EXTRACTED MATERIAL:
########
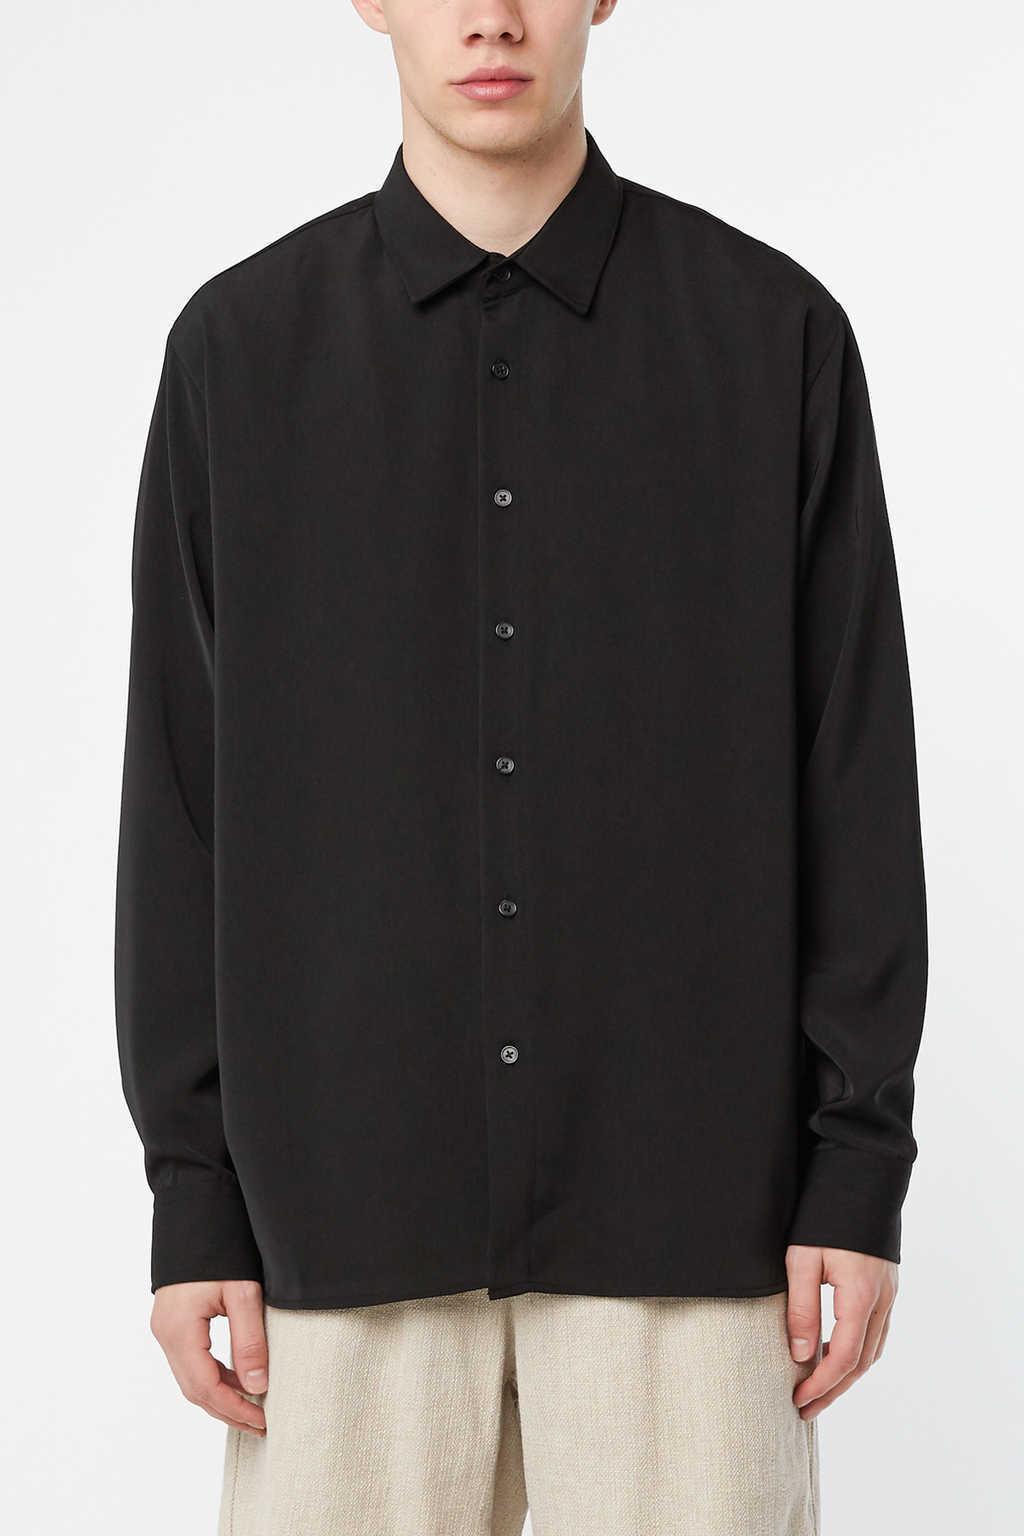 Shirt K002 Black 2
########
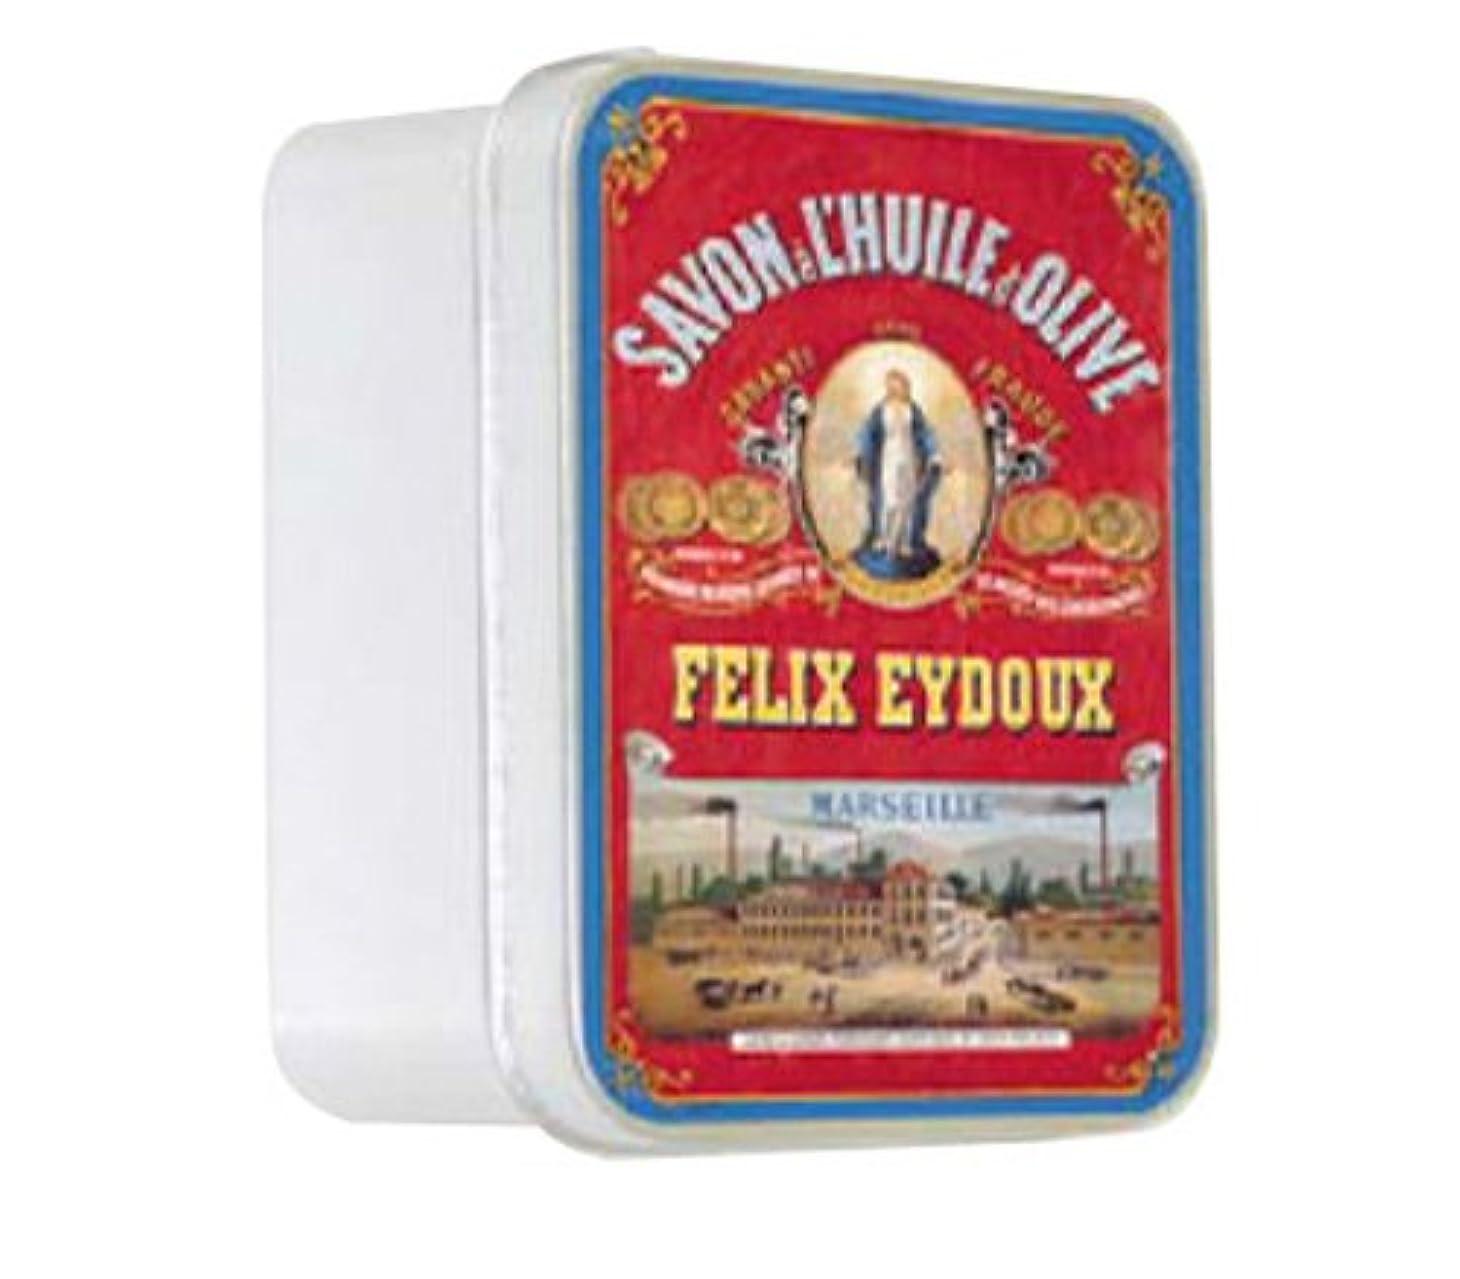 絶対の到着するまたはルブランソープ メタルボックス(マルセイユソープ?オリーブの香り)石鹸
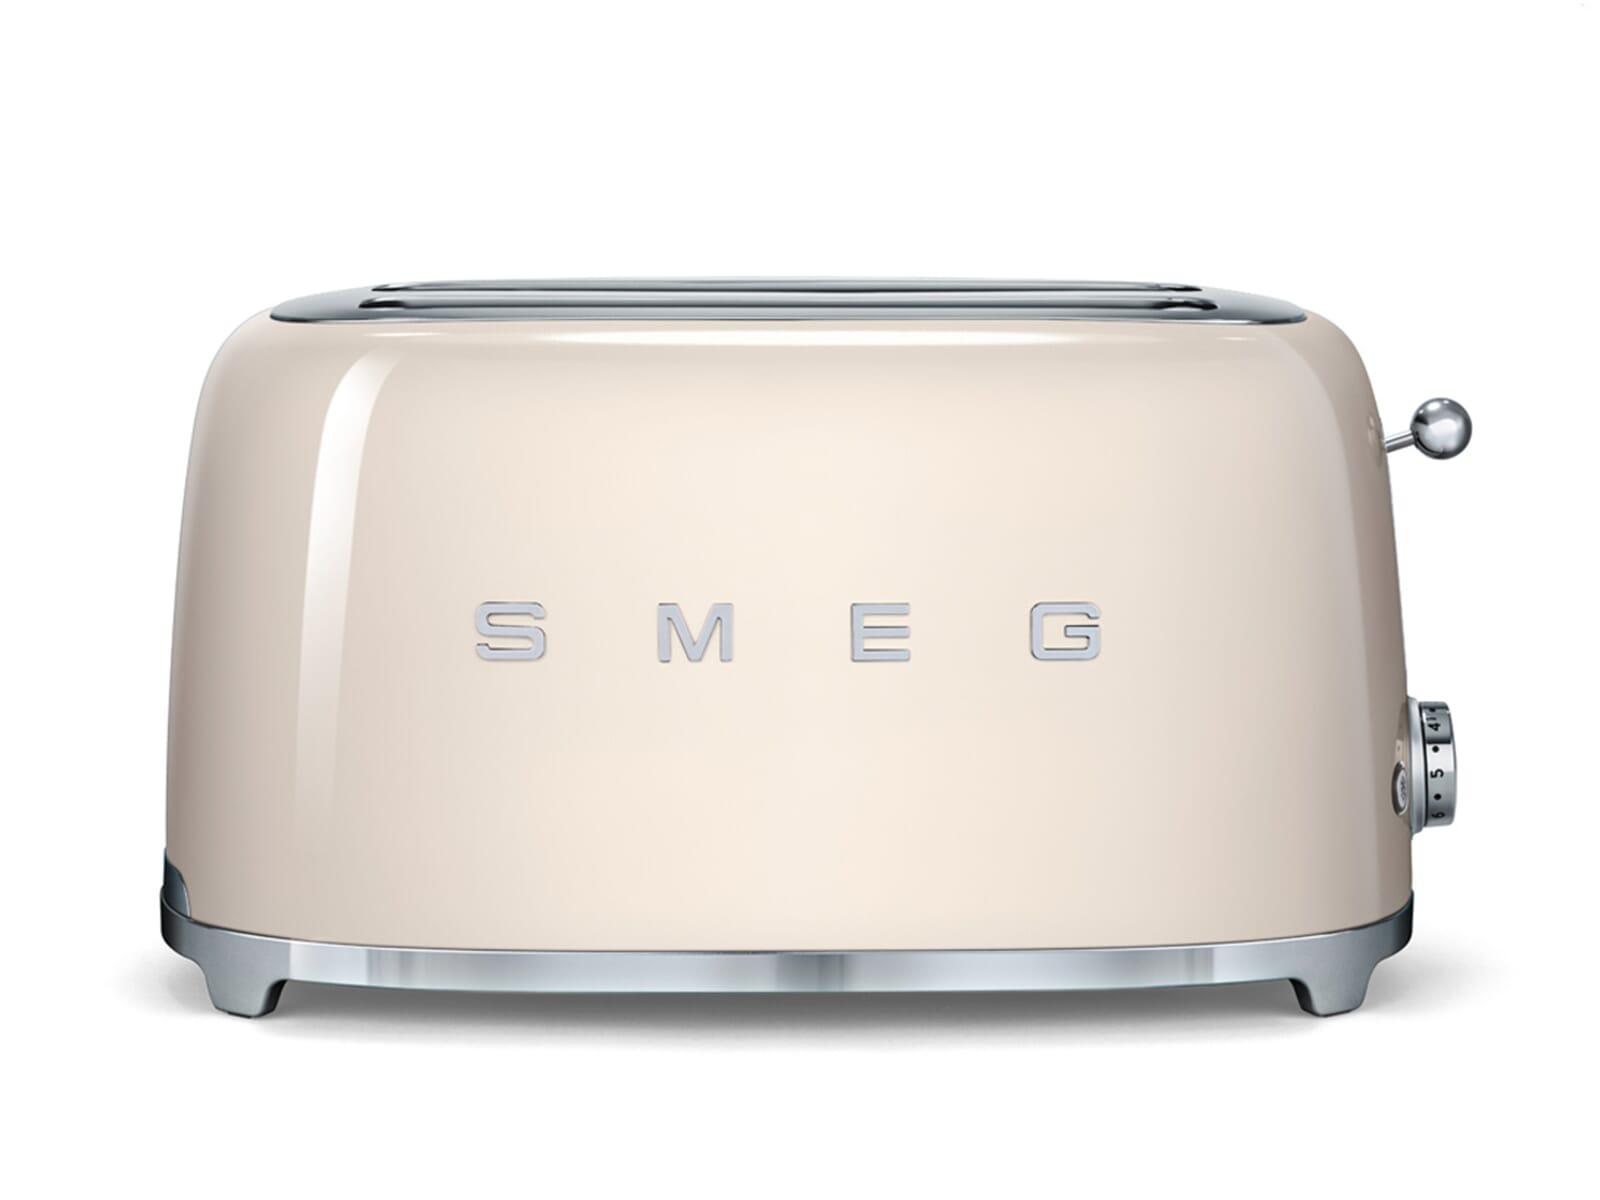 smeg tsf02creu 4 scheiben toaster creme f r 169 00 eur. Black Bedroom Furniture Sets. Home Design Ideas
########
WHAT IS EXPECTED:
Precisely those lines above that run from the line with "絶対の到着するまたはルブラン" up to and including the line with "smeg tsf02creu 4" are to be set down, with the pictures omitted.

REPLY TO THE TASK:
 絶対の到着するまたはルブランソープ メタルボックス(マルセイユソープ?オリーブの香り)石鹸
 smeg tsf02creu 4 scheiben toaster creme f r 169 00 eur. Black Bedroom Furniture Sets. Home Design Ideas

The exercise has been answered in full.